## Exercise
Setting aside any pictures, reproduce the data exactly.

## Data
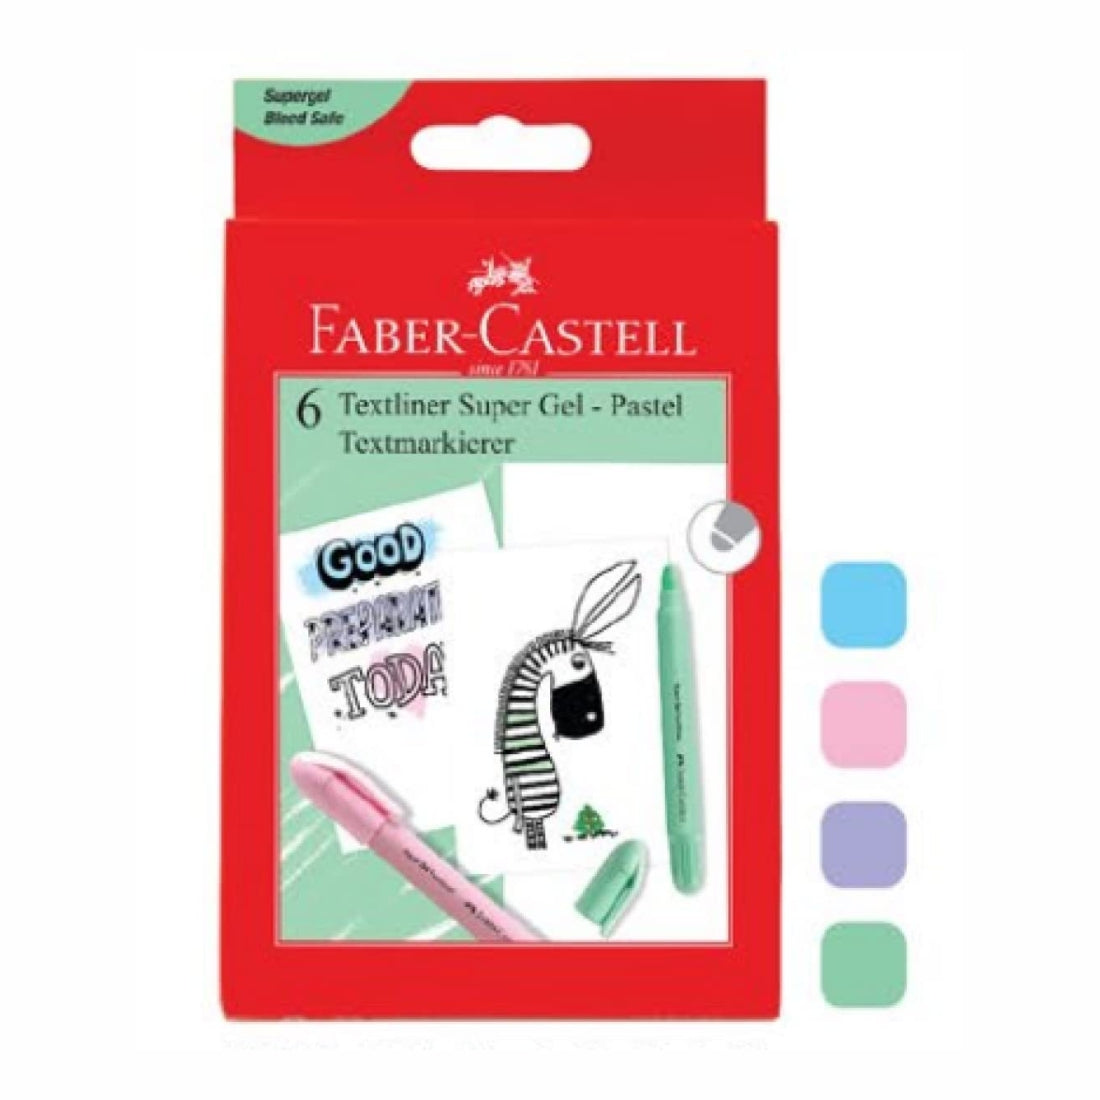 Faber castell Gel Crayon Highlighter - Pastel Shades 6Pc
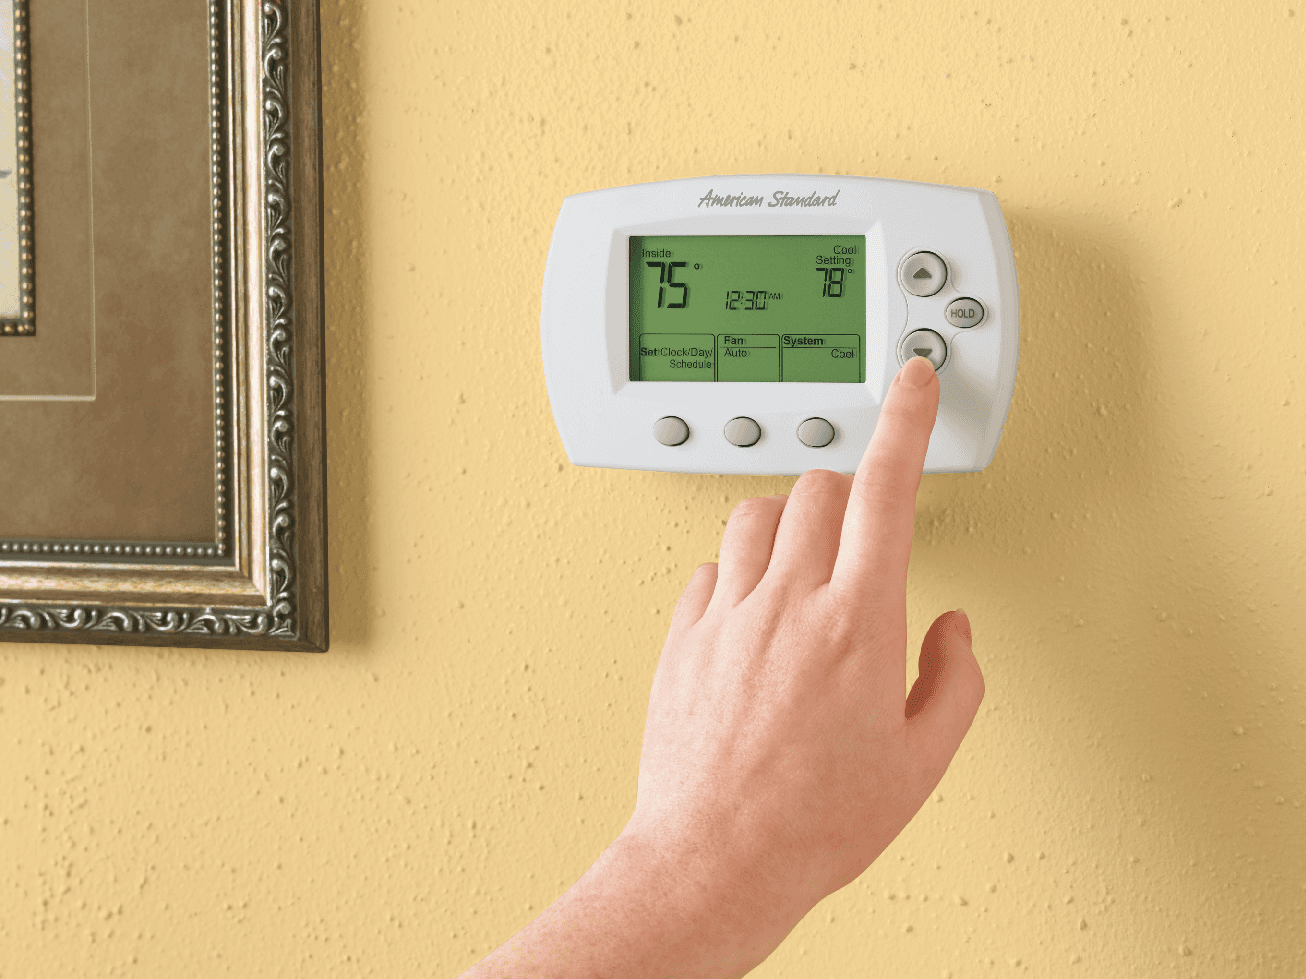 American Standard Thermostat
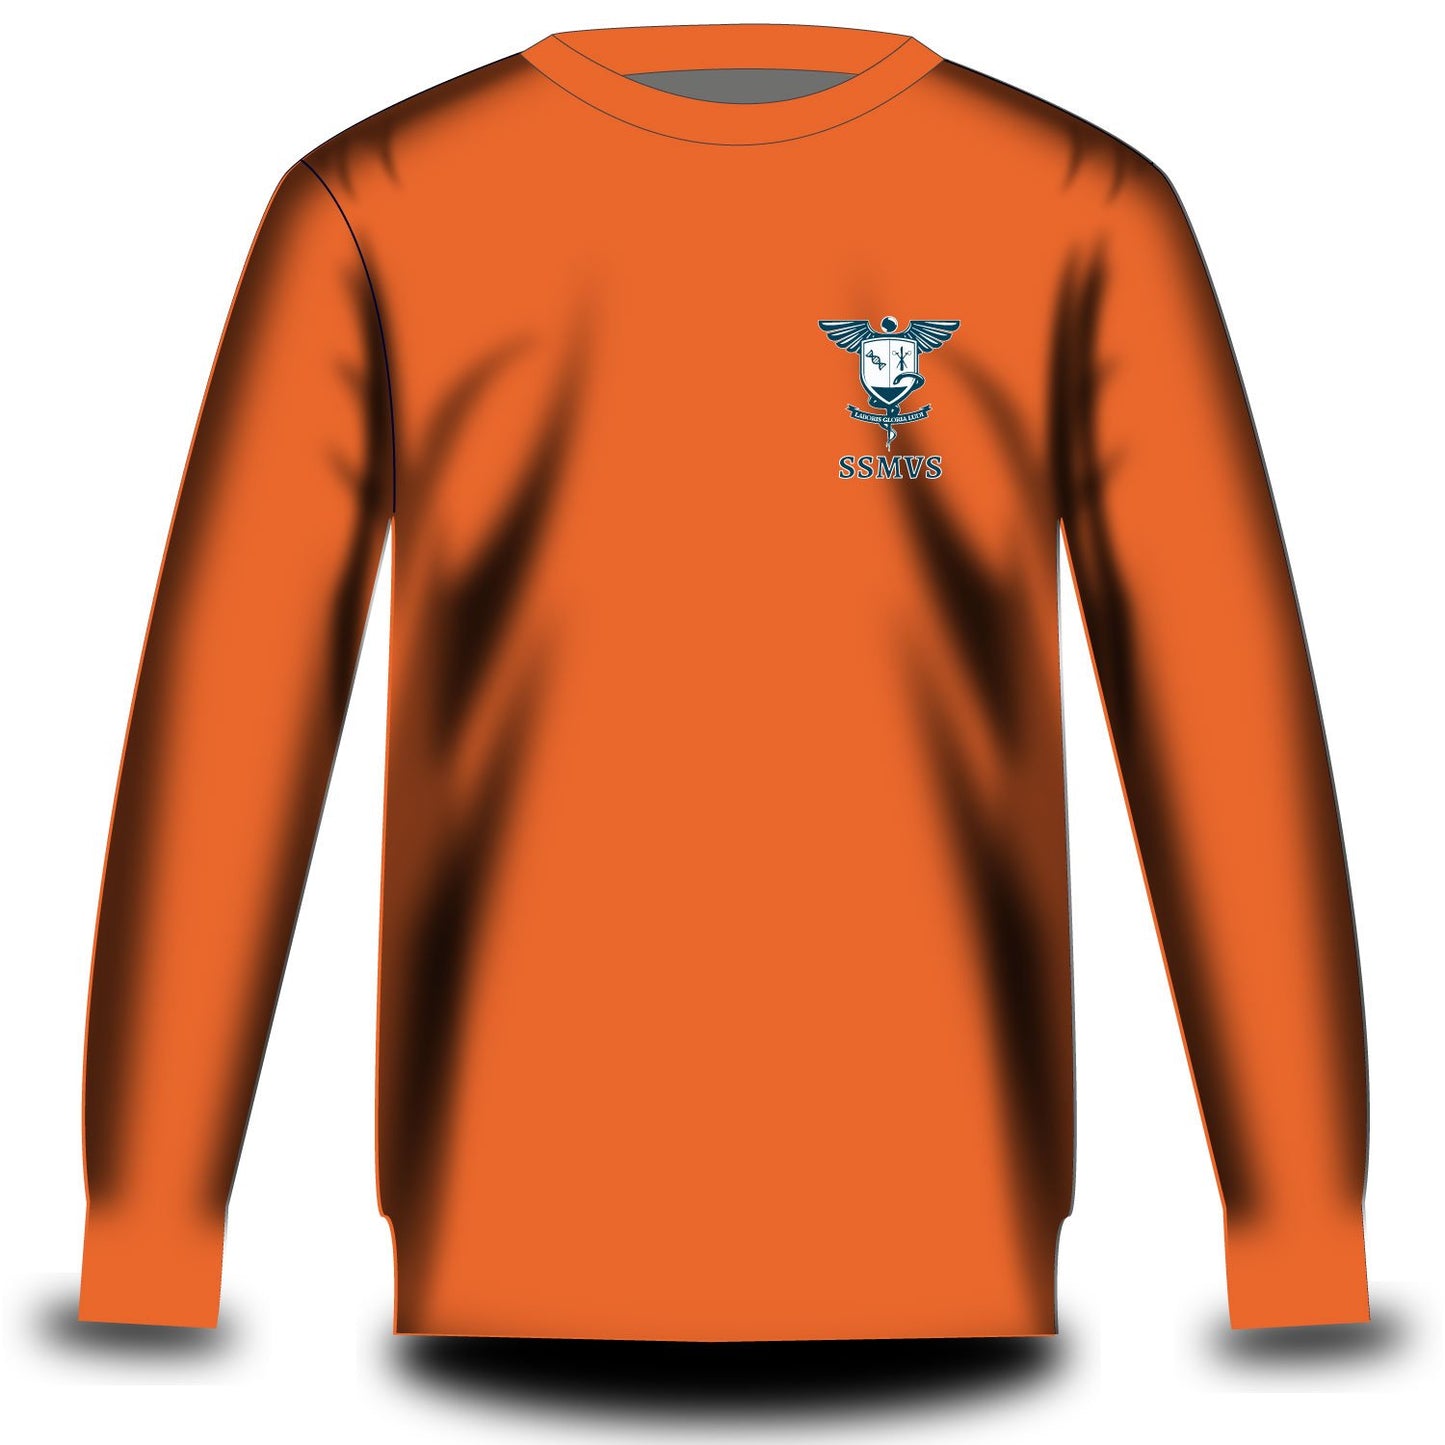 sidney sussex medical and veterinary society sweatshirt burnt orange

## Task result
 Faber castell Gel Crayon Highlighter - Pastel Shades 6Pc
 American Standard Thermostat
 sidney sussex medical and veterinary society sweatshirt burnt orange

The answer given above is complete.